Algorithm to find orthnormal eigenvectors of a symmetric matrix

linear algebranumerical linear algebranumerical methods

I have a symmetric matrix $S$ and I'm trying to implement the following algorithm to find first $k$ orthnormal eigenvectors

enter image description here
Note: The picture is from http://www.wisdom.weizmann.ac.il/~harel/papers/highdimensionalGD.pdf

I use a very simple $2×2$ matrix for tests:

$$
\begin{matrix}
1 & 2 \\
2 & 3 \\
\end{matrix}
$$

The code finds the first eigenvector without problems, but it gets stuck on the second eigenvector.

The Gram Schmidt process makes the second vector orthogonal to the previous eigenvector, but then matrix multiplication "flips" candidate around, and they fight in never-ending loop.

Here gray line is the first eigenvector, the thick red is the next candidate $\hat{u_{i}}$

enter image description here

I spent one night debugging it and can't spot anything obviously wrong. It must be something trivial, but I don't understand what. Can you please help me? What am I missing?
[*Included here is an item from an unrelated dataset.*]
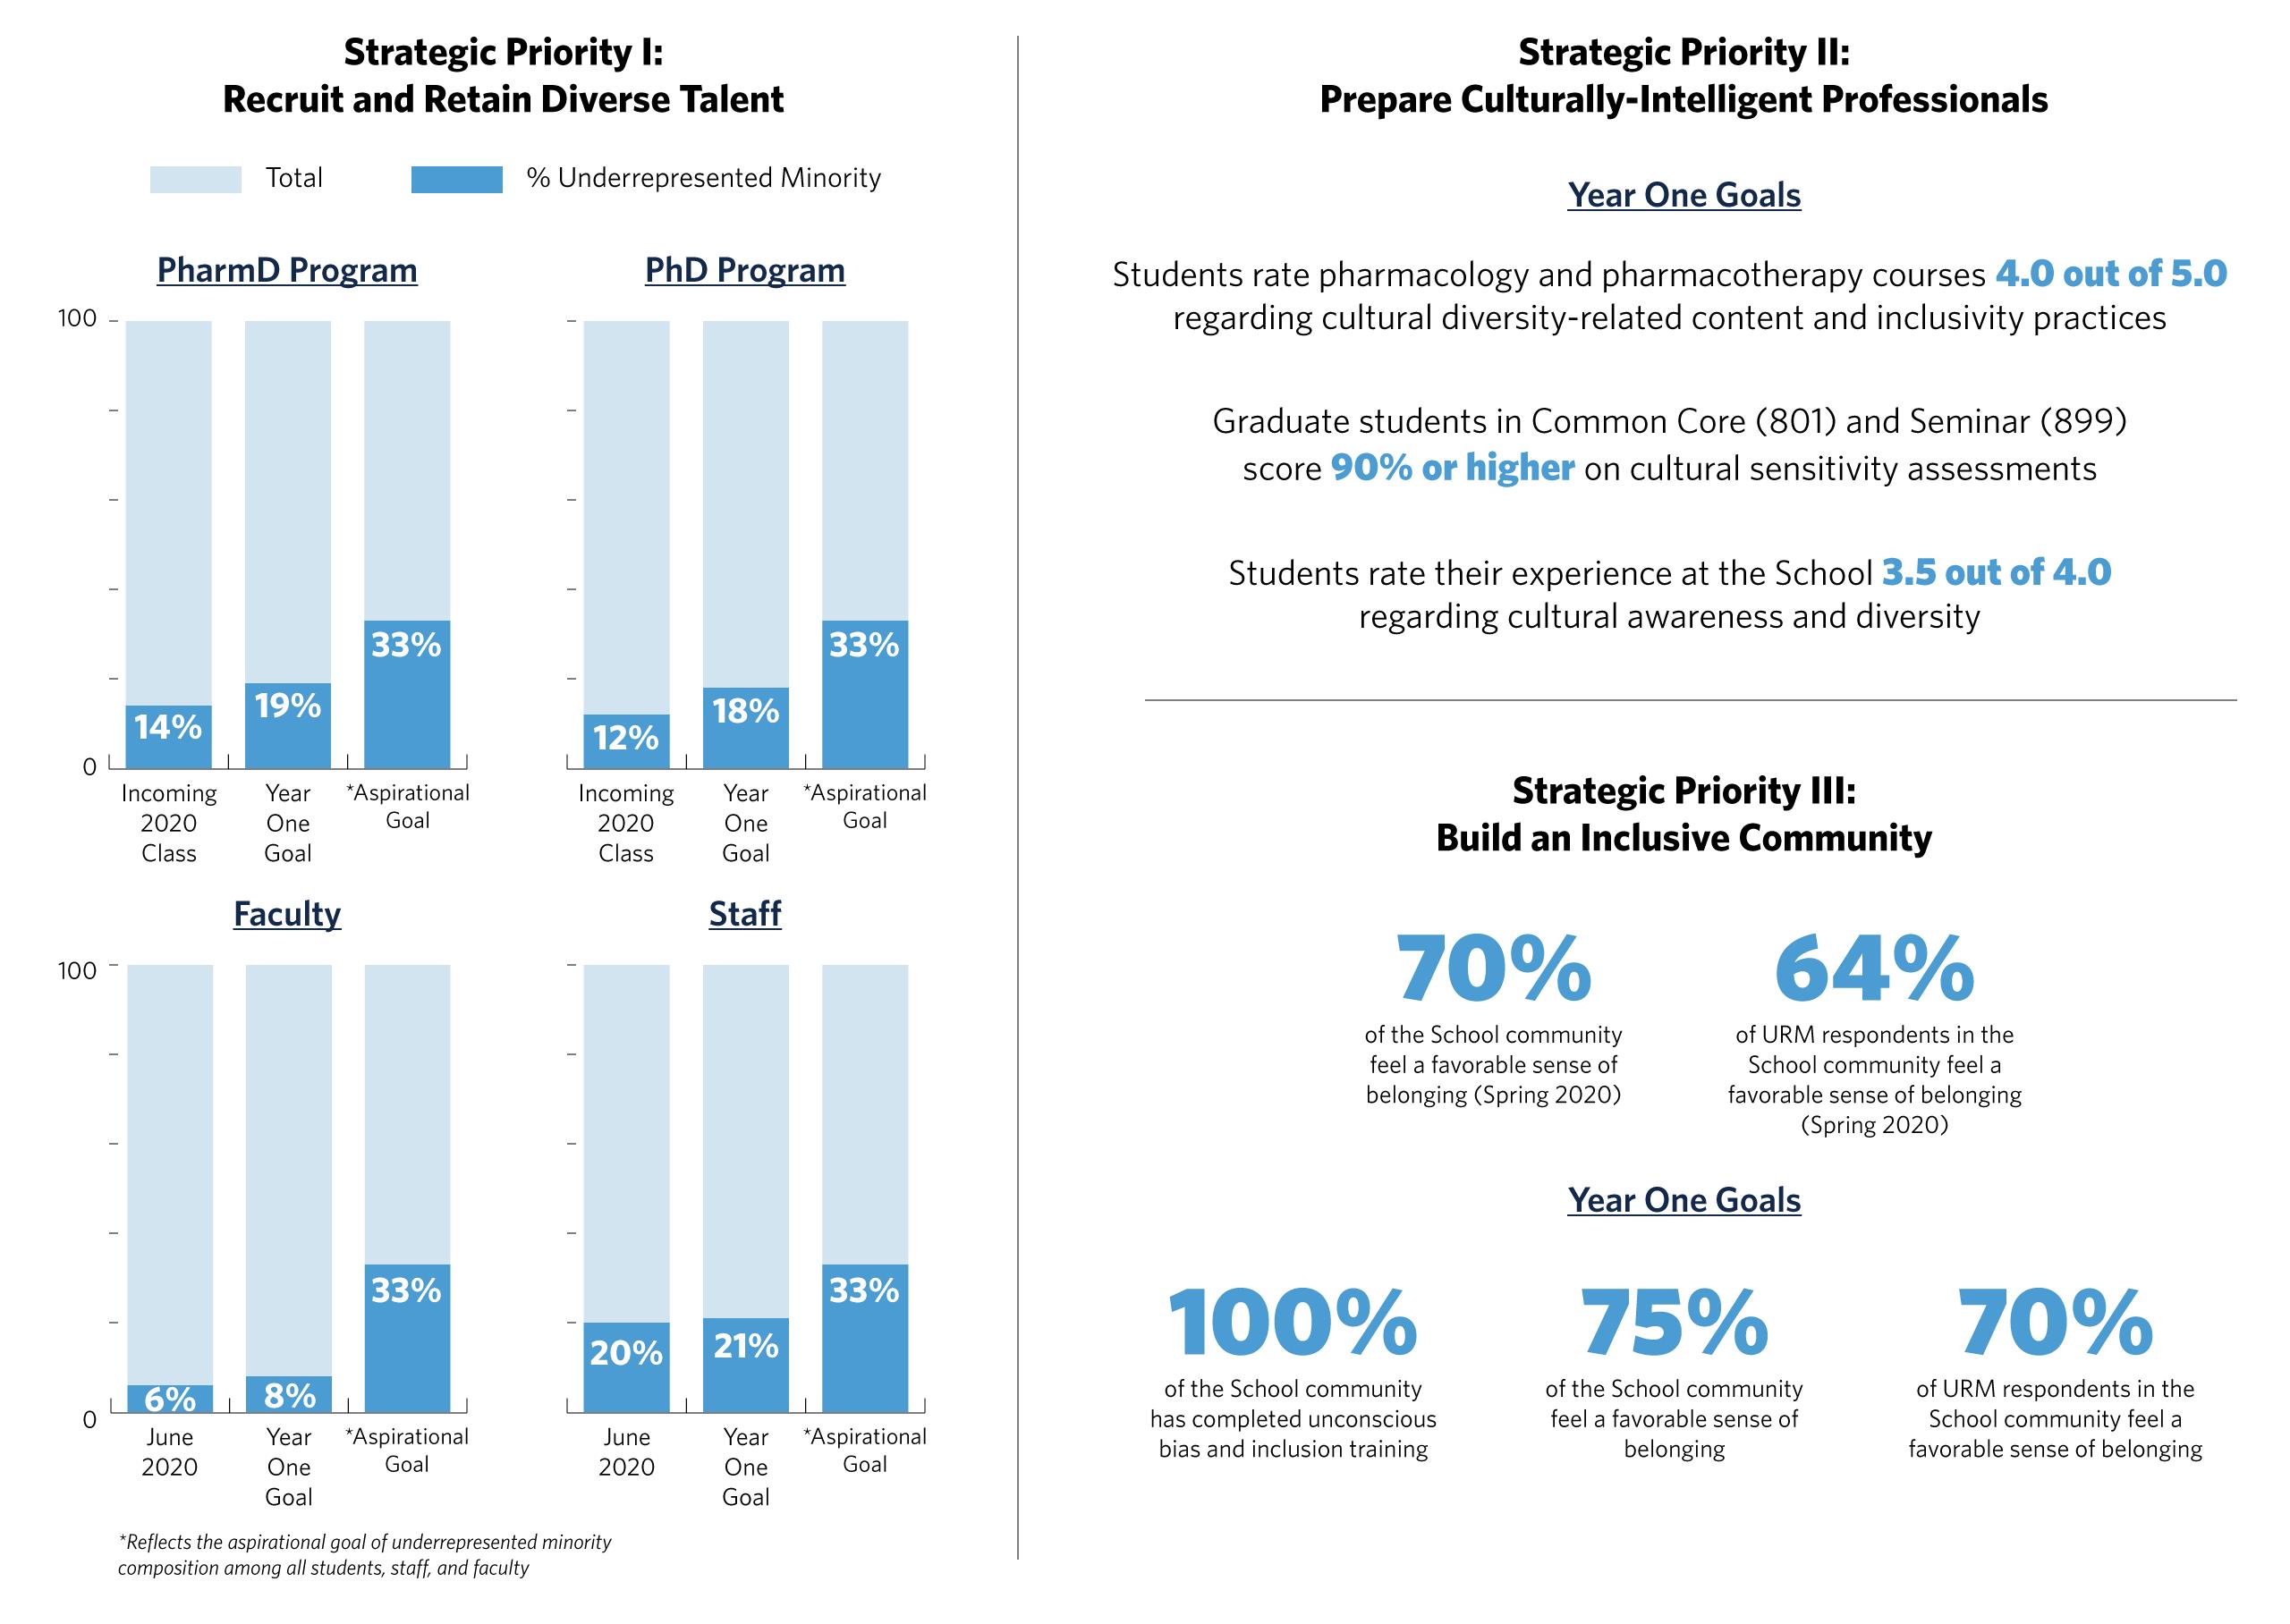 ODI_Strategic_Priorities

https://jsbin.com/zufejir/5/edit?js,output – the code. Each click advances algorithm to the next state.

Best Answer

Eigenvalues can be non-positive real numbers or even complex numbers.

eig([1,2;2,3]) in Octave gives $[-0.23..., 4.23...]$ so the smallest one is indeed negative.

So what happens is that $Su$ will have opposite direction compared to $u$, and then you normalize it so vector will be flipped and of same length. You would circumnavigate this problem by changing stop condition to for example $(u_i^T \hat u_i)^2<(1-\epsilon)^2$

A better condition is probably to do $$\text{var}((\hat u_i)/u_i) < \epsilon$$ element wise as each point wise division should estimate $\lambda_i$, the eigenvalue, which could be a negative or even complex number.